Damn I wish I could be there. Sounds like its shaping up to be a nail biter!!

Nice to see the brits in there as well. Not sure who I want for the win TBH, would be nice to see it go somewhere else for a change!


----------



## big pete (Mar 23, 2004)

siovrhyl said:


> dunno mate it looks like mariusz is making a come back deadlift and stones tomorow both good events for him


have u seen savickas pull on deads?

stones i got no clue on TBH, marius rules it, ive not see nsavickas on stones ina good few years


----------



## walks (Apr 13, 2007)

Could be close.

At least if Marius wins no one can no longer question if he is the best.
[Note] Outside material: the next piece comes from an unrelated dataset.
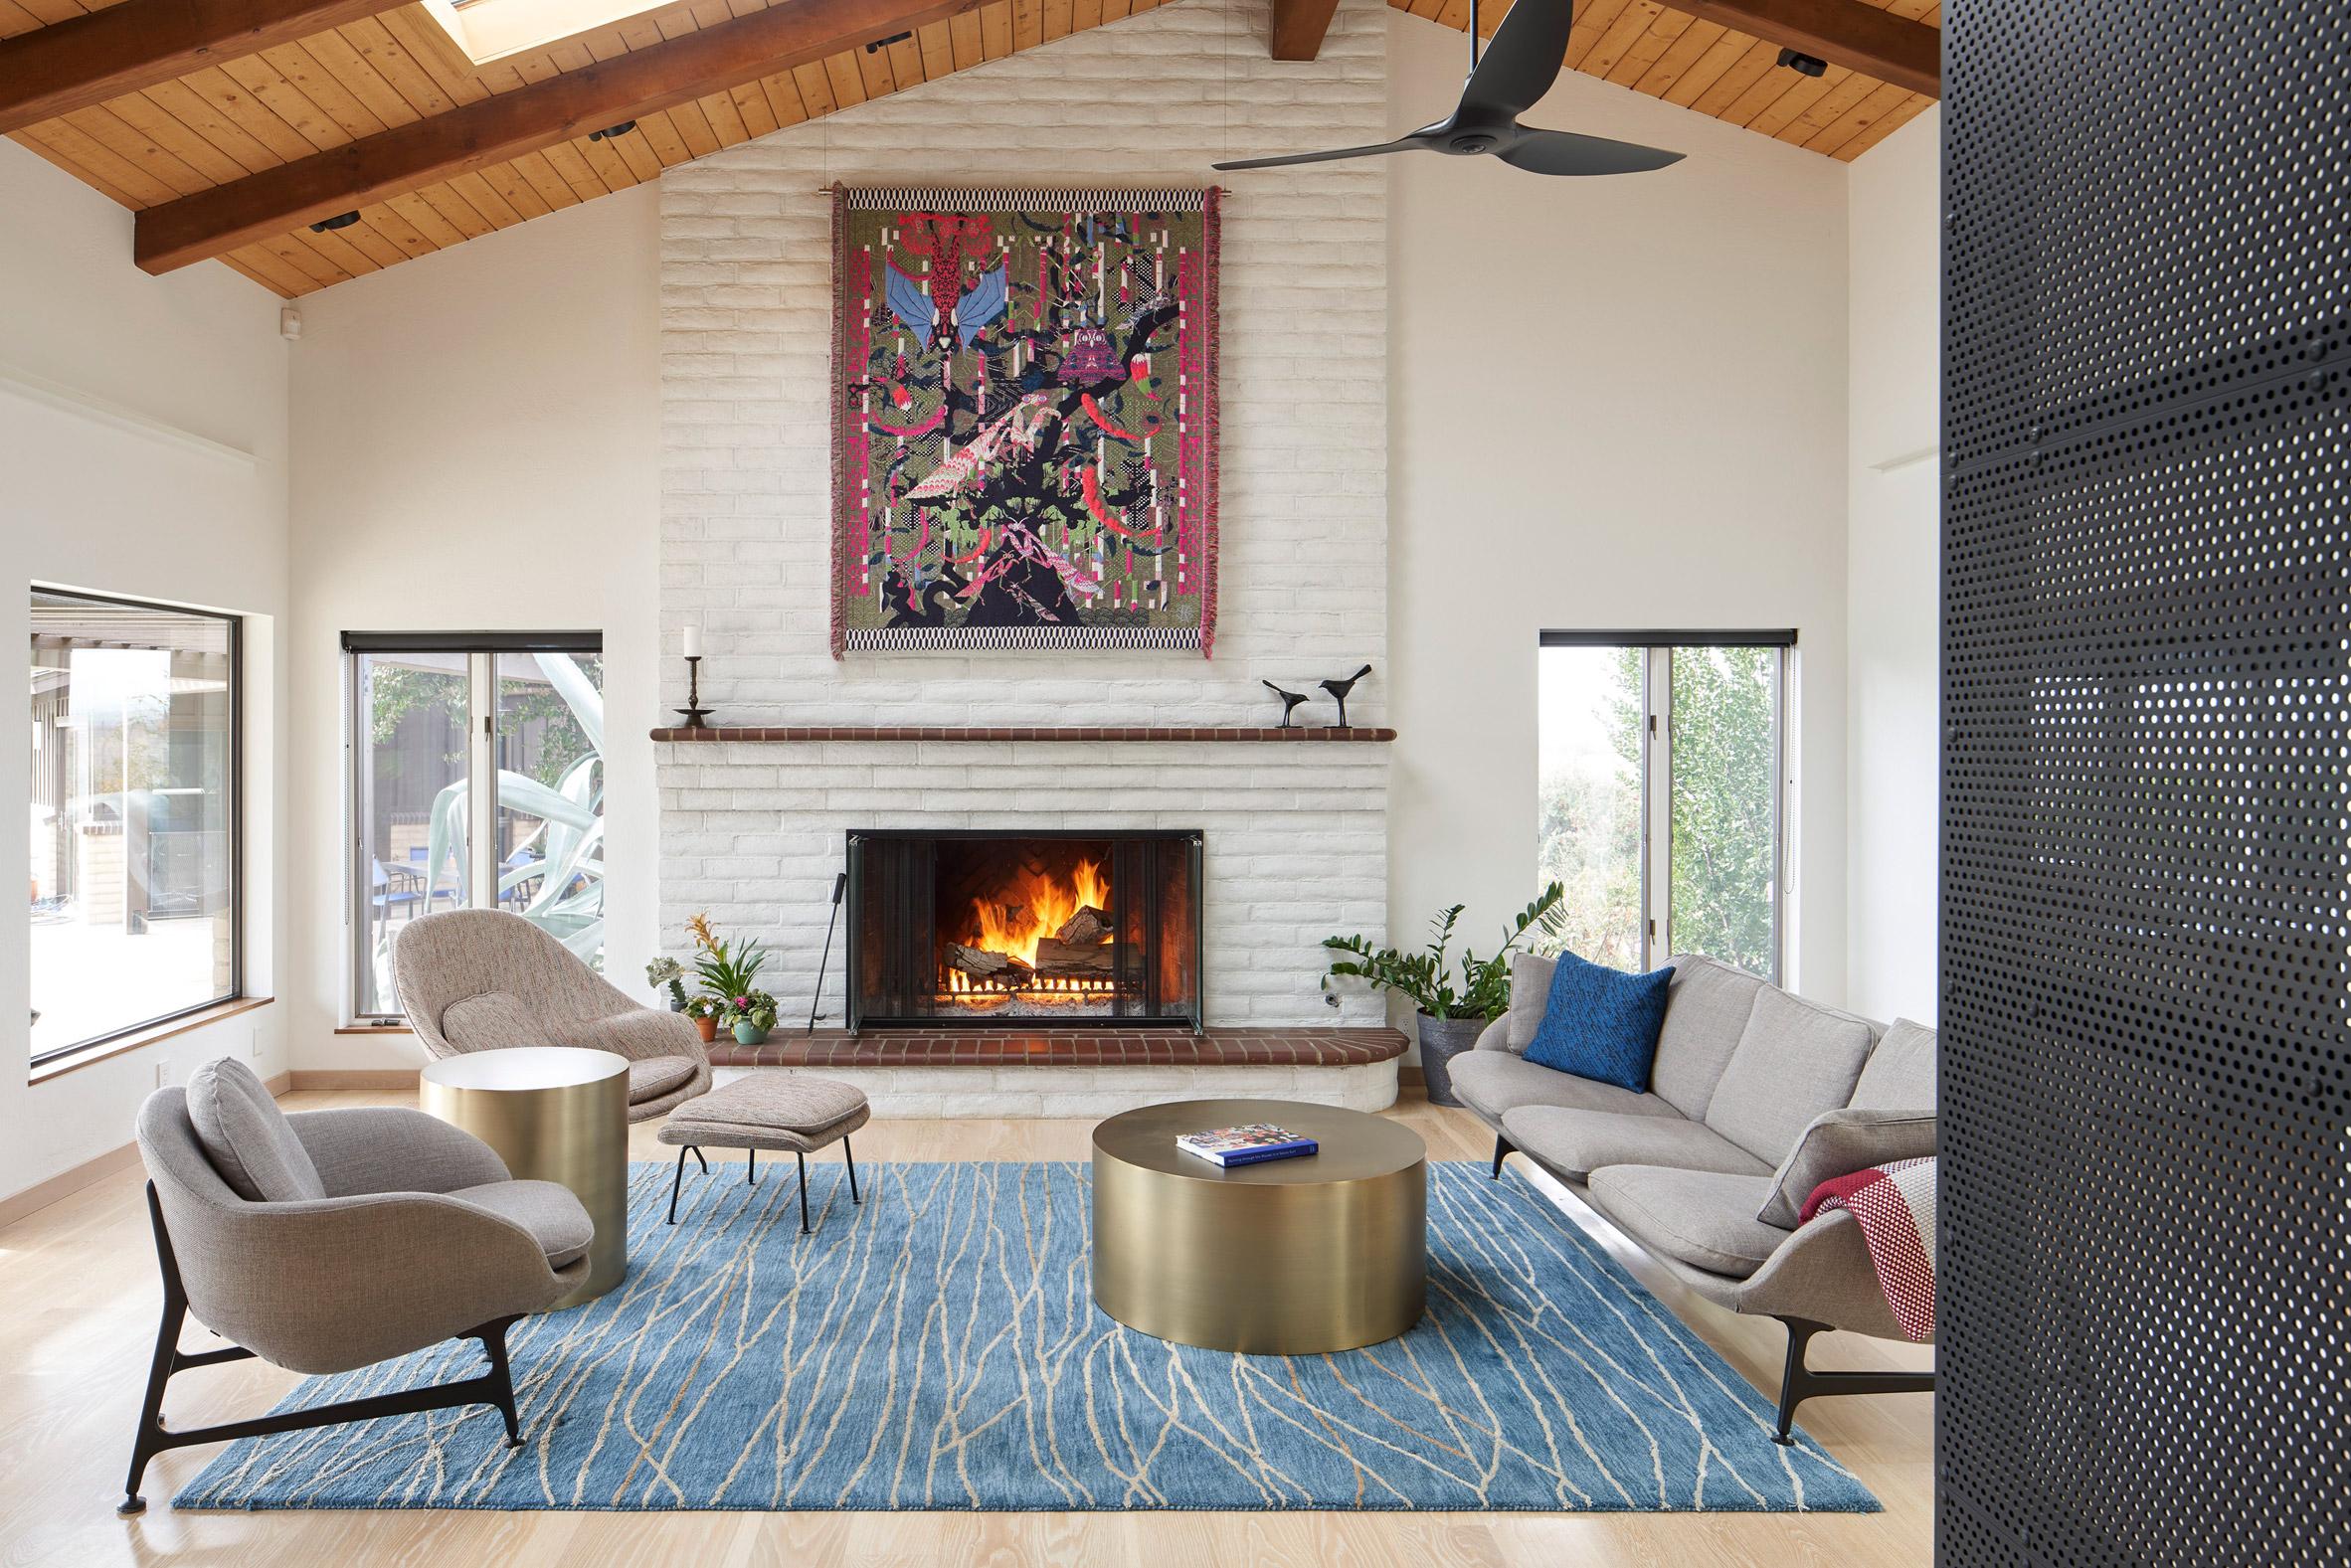 California farmhouse with white brick fireplace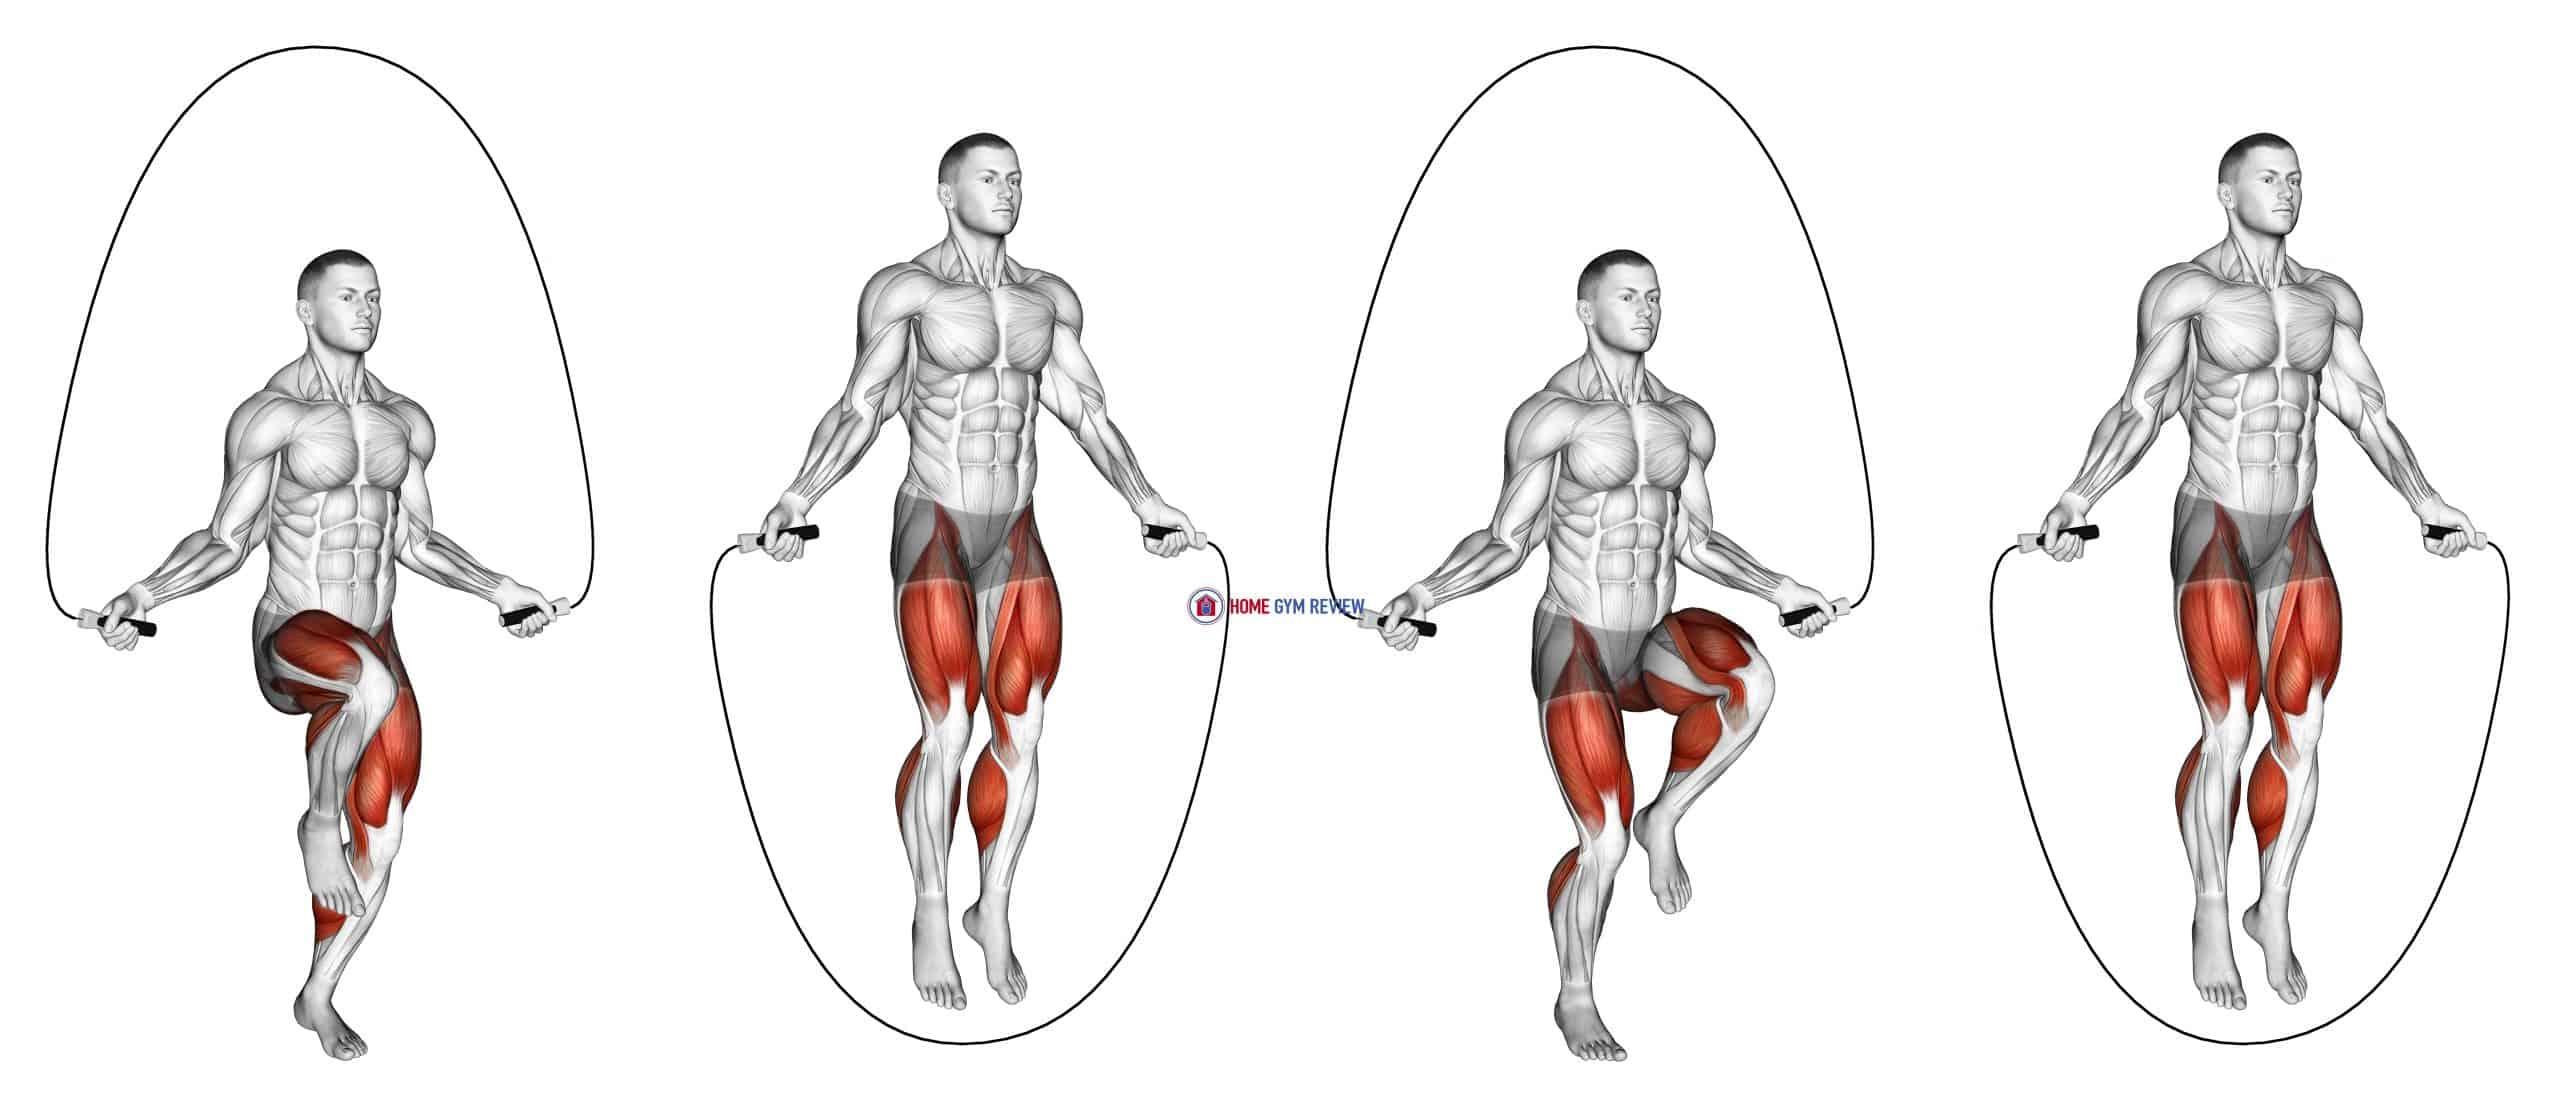 High Knee Jump Rope (male)

Beating the likes of poundstone and Savickas in their prime would be some achivement


----------



## besa (Jan 12, 2009)

I'm sure poundstone will want to get back at marius on the stones, it was so close last year.Cant wait to watch it on tele.


----------



## siovrhyl (Sep 14, 2008)

tbh i can't see poundstone getting the points back 5 points behind and with the events left i don't think big z or mariusz will drop many points its just who performs on the day.

I do think the brit lads could do well today terry's deadlifting has come on loads this year and loz has a super strong back both won the DL in the heats.

we'll see how it goes updates later


----------



## siovrhyl (Sep 14, 2008)

from sdf

Dead lift

1. Savickas - 11 reps

2. Pudzianowski - 9

2. Poundstone - 9

4. Shaw - 8

4. Hollands - 8

6. Ortmayer - 7

7. Shahleai - 6

8. Ostlund - 5

9. L.F. Jean - 3

10. Pfister - 0


----------



## siovrhyl (Sep 14, 2008)

looks like big z has it in the bag now


----------



## siovrhyl (Sep 14, 2008)

video of laurence shahlai's boat pull

http://www.facebook.com/home.php?#/video/video.php?v=114853711...


----------



## siovrhyl (Sep 14, 2008)

ortmayers arm over arm. looks BRUTAL!

http://www.facebook.com/home.php?#/video/video.php?v=114854595...


----------



## siovrhyl (Sep 14, 2008)

giant farmers walk

http://www.facebook.com/home.php?#/video/video.php?v=114801045...


----------



## siovrhyl (Sep 14, 2008)

plane pull

http://www.timesofmalta.com/articles/view/20091001/local/plane...


----------



## siovrhyl (Sep 14, 2008)

no mate i got mates out there yeah i'd give my right arm to be out there lol its usually broadcast around xmas time i think it maybe on bravo this year


----------



## Five-O (May 21, 2006)

Bloody hell, when did savickas come back over?

Got to agree with Pete, wasn't the last time someone won it (instead of Pfister and Pudz) indeed savickas?


----------



## siovrhyl (Sep 14, 2008)

WORLDS STRONGEST MAN IS

zyrundas savickas

2nd maruisz

3rd Brian shaw

4th Derek poundstone

5th travis ortmayer

6th terry hollands


----------